Cinquante ans plus tard, Jimmy Cobb n'en revient toujours pas d'avoir enregistré en 1959 à New York avec Miles Davis «Kind of Blue», considéré comme le plus grand album de jazz de tous les temps.

«Personne ne pouvait imaginer que 50 ans après, ça continuerait», confie le batteur américain au sujet de ce disque le plus vendu de l'histoire du jazz, dont des milliers d'exemplaires s'écoulent encore chaque semaine.

Cobb, en pleine forme à 80 ans, est le seul survivant du légendaire groupe de musiciens américains réunis au printemps 1959 par le trompettiste Miles Davis dans les studios de Columbia Records à Manhattan.

En tournée à travers le monde pour célébrer cet anniversaire, il a évoqué pour l'AFP lors d'un passage à Madrid cet enregistrement qui fut particulièrement aisé et rapide, en deux séances.

«Miles est juste arrivé avec quelques idées sur un bout de papier.
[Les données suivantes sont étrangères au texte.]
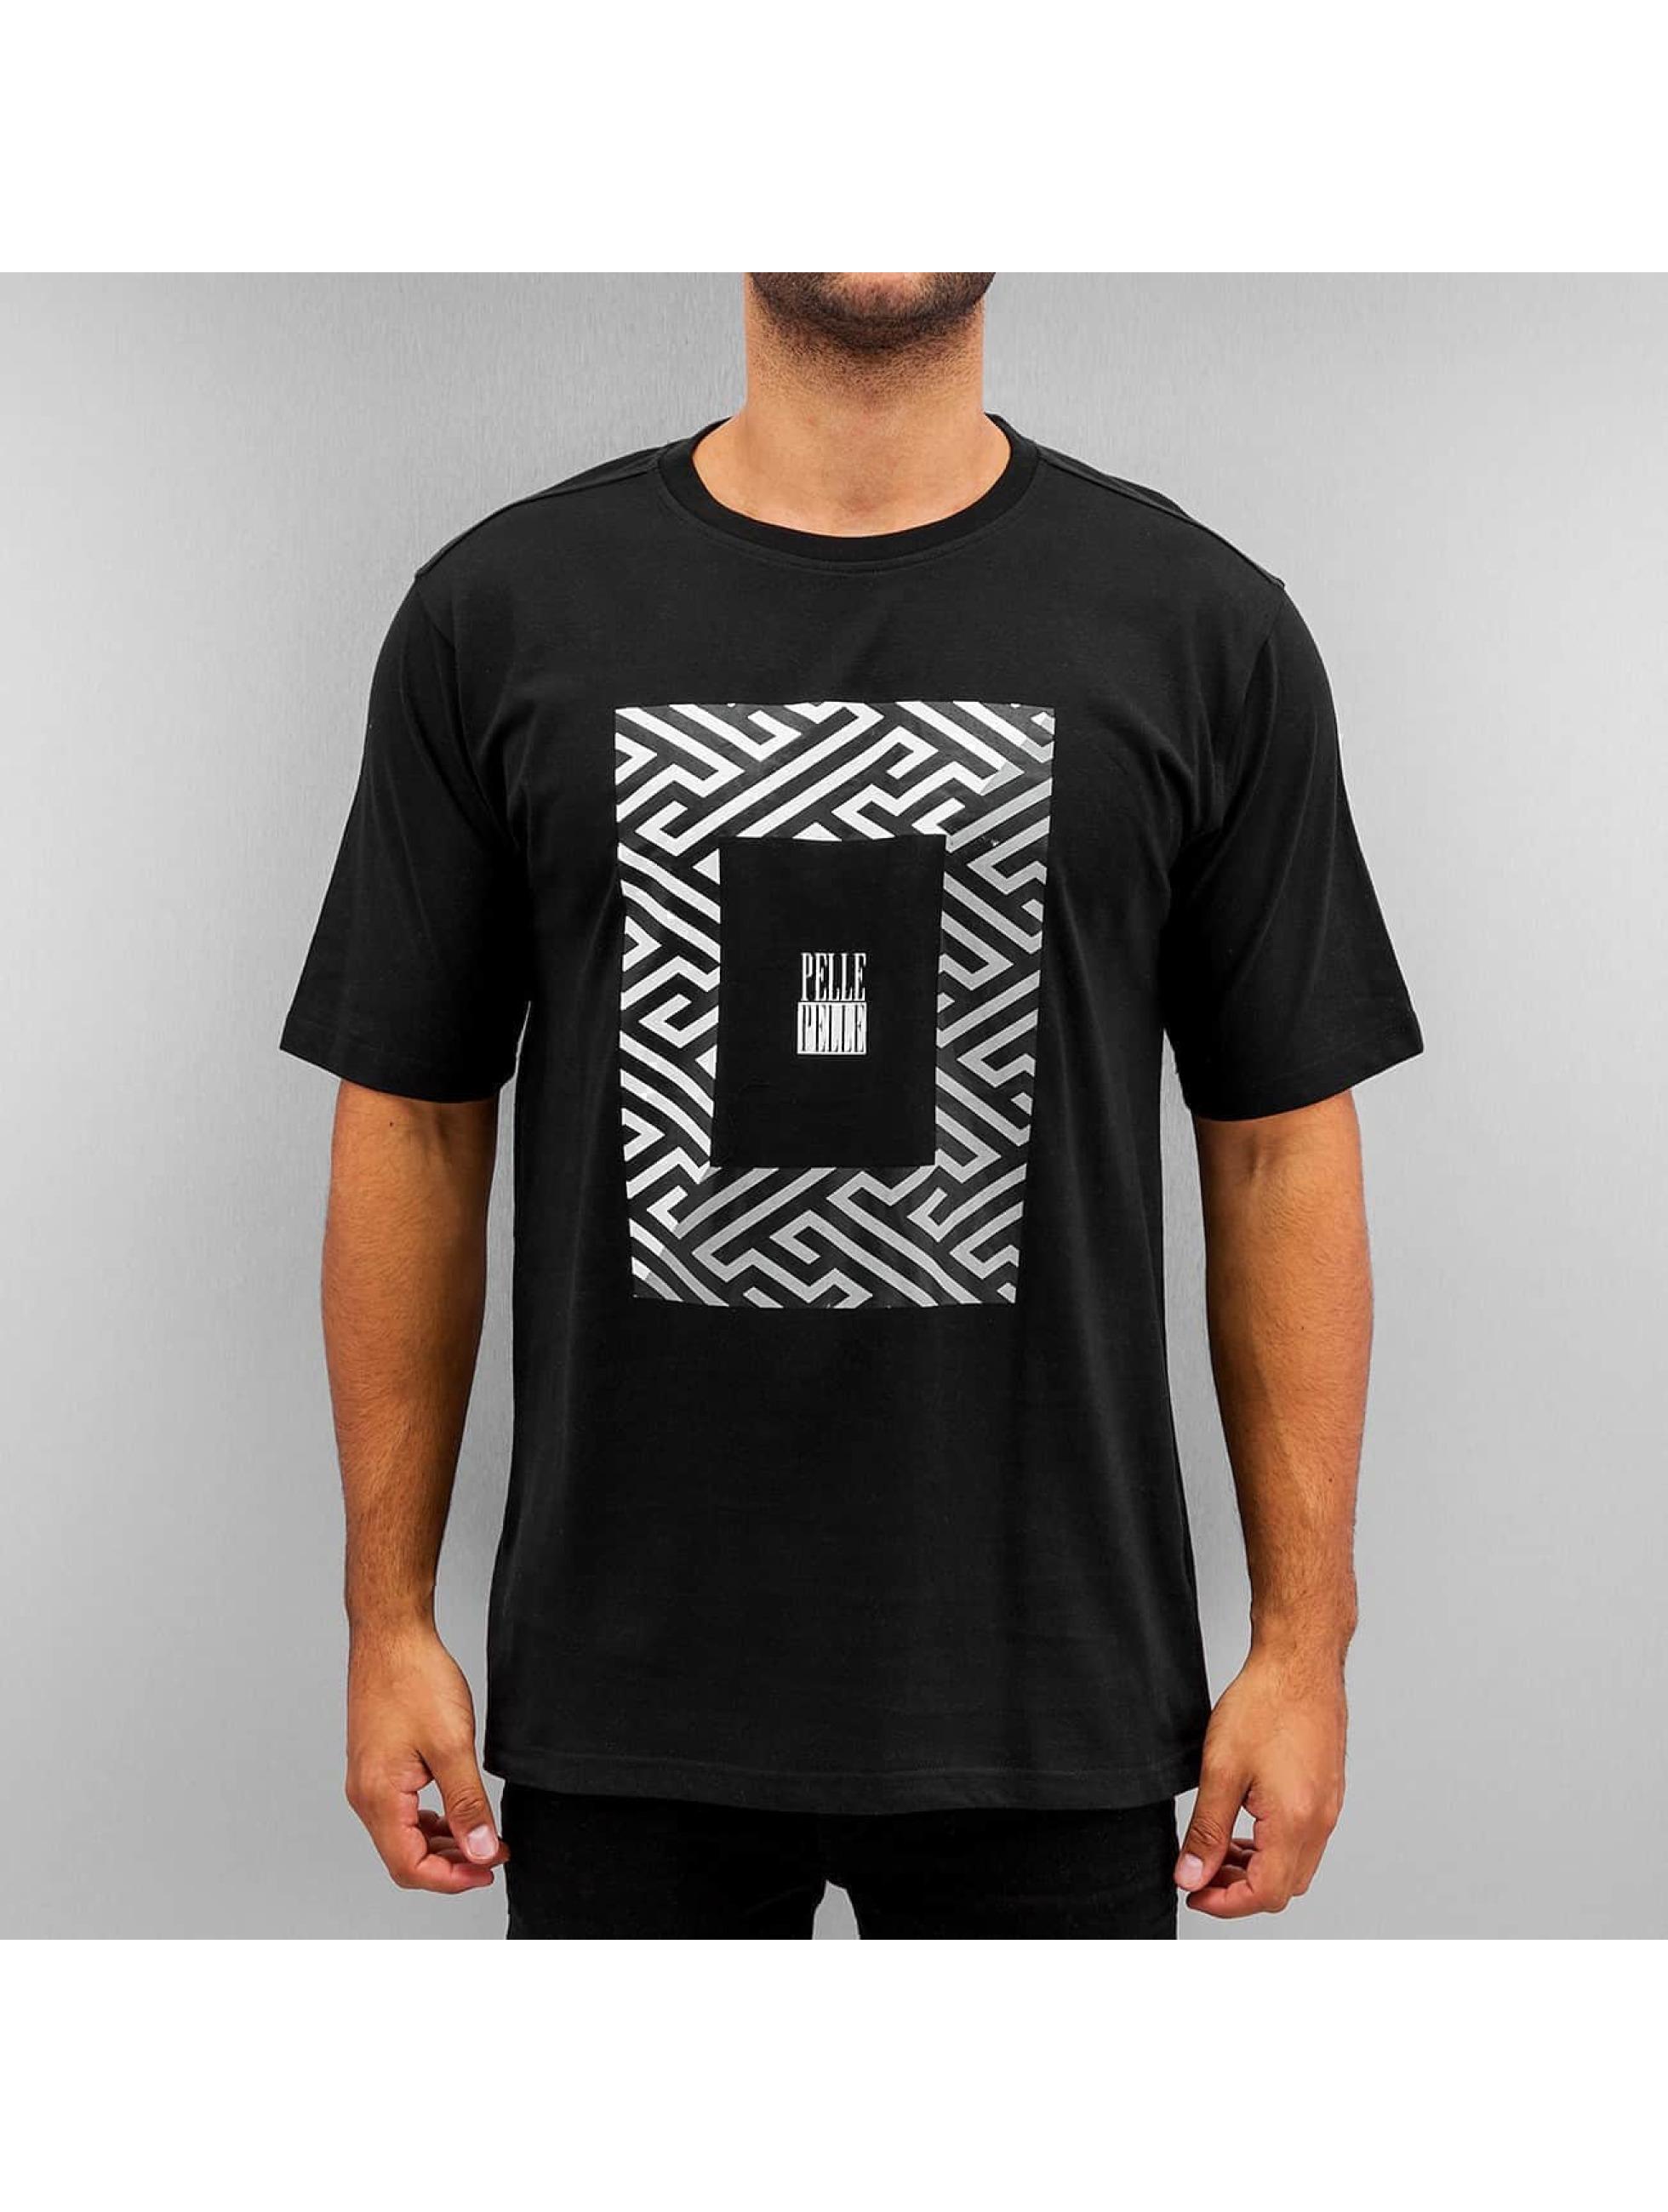 Pelle Pelle T-Shirt Dark Maze black

On a du travailler pour construire à partir de ce peu de choses, mais ça a été facile» souligne Cobb.

Il faut dire que le trompettiste américain, déjà célèbre à 32 ans, avait réussi à rassembler dans l'ancienne église où s'était installée la Columbia, dans la 30e rue, quelques uns des plus grands génies du jazz.

Outre Cobb, il y avait deux saxophonistes, John Coltrane et Julian «Cannonball» Adderley, deux pianistes, Bill Evans et Wynton Kelly, et le bassiste Paul Chambers.

Une seule prise a suffi pour la plupart des morceaux, dont les fameux «So What» et «Flamenco Sketches»: «Miles pensait que le premier coup était toujours le meilleur, sinon c'était du rabâchage».

Résultat: une musique à l'athmosphère envoûtante, un des premiers exemples de jazz dit «modal» basé sur des trames plutôt que les «phrasés» traditionnels et permettant une plus grande liberté mélodique.

Et un enregistrement classé cet année par le magazine Rolling Stone au 12e rang des 500 plus grands albums des tous les temps et dans tous les styles de musiques. Mais ce n'était pas évident au départ.

«On a jamais pensé (que ce serait un tel succès). C'était juste un autre grand enregistrement de Miles Davis où tout le monde avait bien joué», rappelle Cobb.

Ils ont seulement compris qu'il s'agissait de «quelque chose de spécial» en constatant que le disque continuait à bien se vendre un an après son lancement en août 1959, phénomène assez rare dans le jazz.

«Si Miles avait eu la moindre idée de ce qui était en train de se passer, il aurait réclamé des tonnes d'argent et quatre Ferrari à la porte du studio», plaisante Cobb.

La musique élégante et facile à écouter de «Kind of Blue» tranchait avec les mélodies plus «populaires» et moins subtiles de l'époque, estime le batteur, dont le morceau favori est «Freddie Freeloader», à la tonalité bluesy.

Cobb, qui avait accompagné les chanteuses Billie Holliday et Dinah Washington, jouait depuis peu avec Miles Davis (1926-1991), qu'il a quitté quelques années plus tard pour former son propre trio avec Chambers et Kelly.

Sa tournée anniversaire avec un groupe de neuf musiciens, dont le trompettiste Wallace Roney, remporte un grand succès et il a fait salle comble vendredi lors d'un concert du Festival de Jazz de Madrid.

«Ca marche très bien, les salles sont pleines, on est très applaudis, je ne pensais pas que ça pouvait encore arriver pour des musiciens de jazz», souligne Cobb, prêt à célébrer encore longtemps le souvenir de «Kind of Blue».